Если на момент имплантации эмбрионов обнаруживается неполноценность эндометрия, то эмбрионы подвергаются криозаморозке. Подсаживание эмбрионов производят в последующих циклах, когда слизистая матки будет готова к приему зародышей.
Причины «бедного ответа»
Основными причинами плохого ответа яичников на стимуляцию являются:
- возраст — этот показатель обратно пропорционален овариальному резерву: чем старше женщина, тем труднее забеременеть, поскольку с возрастом количество яйцеклеток только уменьшается;
- аутоимунные заболевания — функционирование рецепторов ФСГ к клетках гранулезы блокируется антителами к ФСГ;
- уменьшение размеров яичников после операций или лечения эндометриоза;
- старение яичников.
Возраст половых желез не всегда соответствует биологическому — у женщин с большим овариальном резервом больше шансов забеременеть в старшем возрасте.
Эффективность ЭКО
На результаты процедуры ЭКО влияют многих факторы:
- Возраст пациентки. В 20-35 лет больше шансов на успех, нежели у 40-летних женщин, у которых запас фолликулов в яичниках уменьшается с каждым годом, а заболевание значительно ухудшает и качество ооцитов.
- Расположение эндометриоидных очагов.
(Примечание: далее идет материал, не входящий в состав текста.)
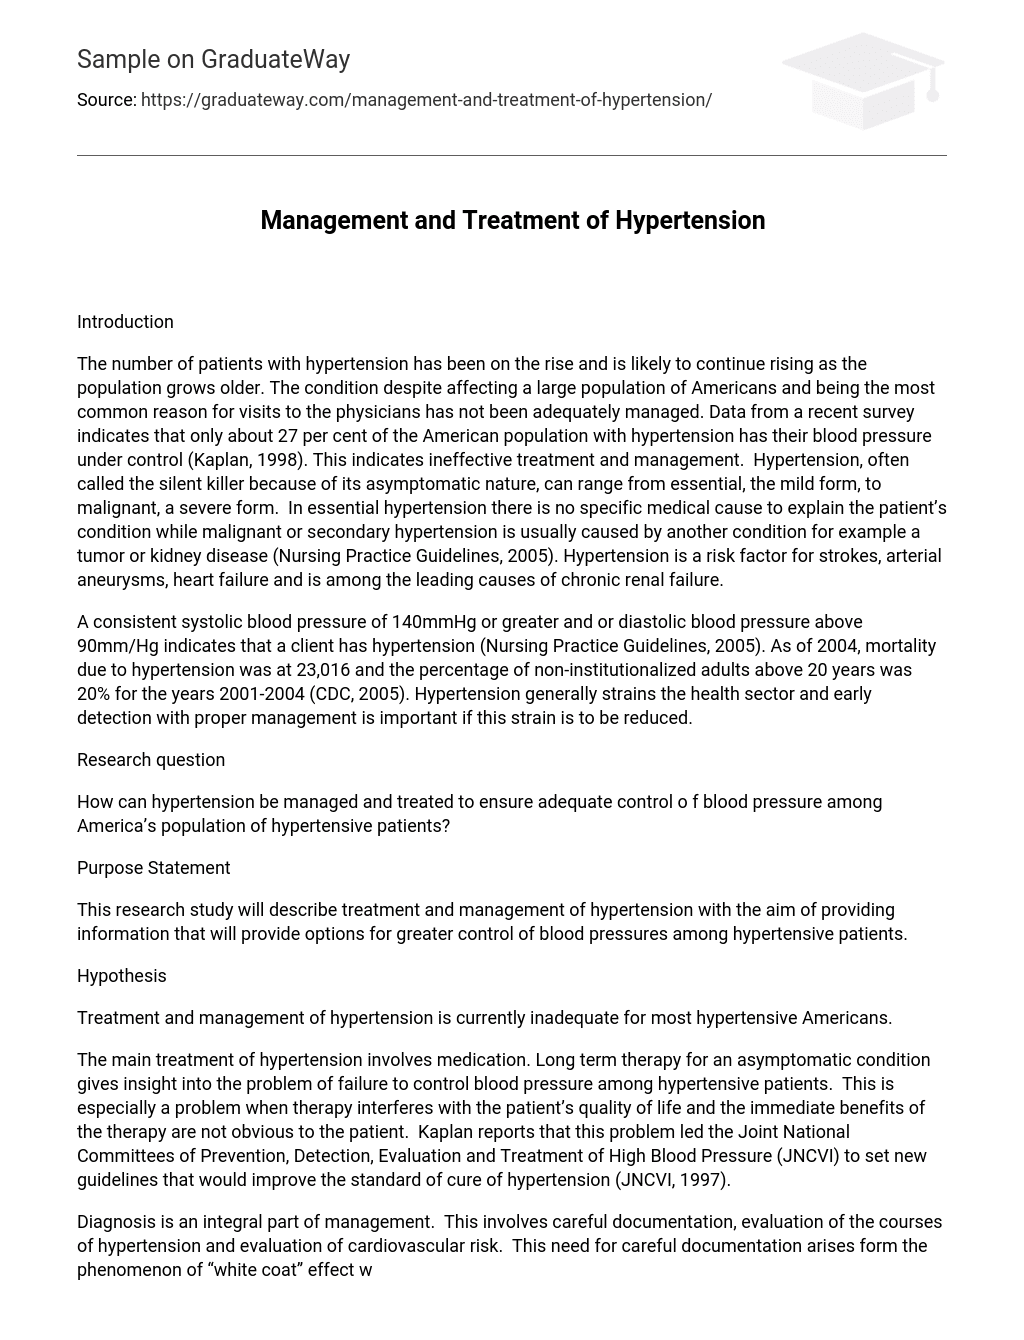 Management and Treatment of Hypertension

По статистике, ЭКО при наружном генитальном эндометриозе дает больший процент успешной беременности.
- Степени патологического процесса. Чем ниже стадия эндометриоза, тем более вероятность, что ЭКО с первой попытки приведет к беременности. Если у пациентки наблюдаются массивные спаечные процессы в малом тазу, кистозные поражения – это негативно влияет на адекватную реакцию яичников в ответ на гормональную стимуляцию и на приживление эмбриона.
В случае наружного генитального эндометриоза 1-2 степени процент успешных программ ЭКО составляет 12-16%, при 3-4 степени – 8-14%.
Факторы риска слабого ответа в программе ЭКО
Плохую реакцию яичников на гормональную терапию можно диагностировать после попытки стимуляции. Но есть и другие моменты, которые помогают спрогнозировать реакцию женщины на лечение. Это дает возможность адаптировать протокол к особенностям пациента прежде, чем приступить к работе.
Наиболее важные факторы, указывающие на высокую вероятность низкой реакции яичников:
- возраст;
- менее 5 примордиальных фолликулов, визуализирующихся при помощи УЗИ;
- антимюллеров гормон ниже 1 нг/мл;
- базальный уровень ФСГ выше 10 мМЕ/мл;
- базальный уровень эстрадиола;
- соотношение ЛГ/ФСГ;
- уровень ингибина В ниже 45 пг/мл (подтверждает снижение овариального запаса;
- объем яичников;
- результат пробы с кломифеном.
Если в прошлом у женщины уже были попытки гормональной стимуляции яичников, нужно учитывать результативность попыток.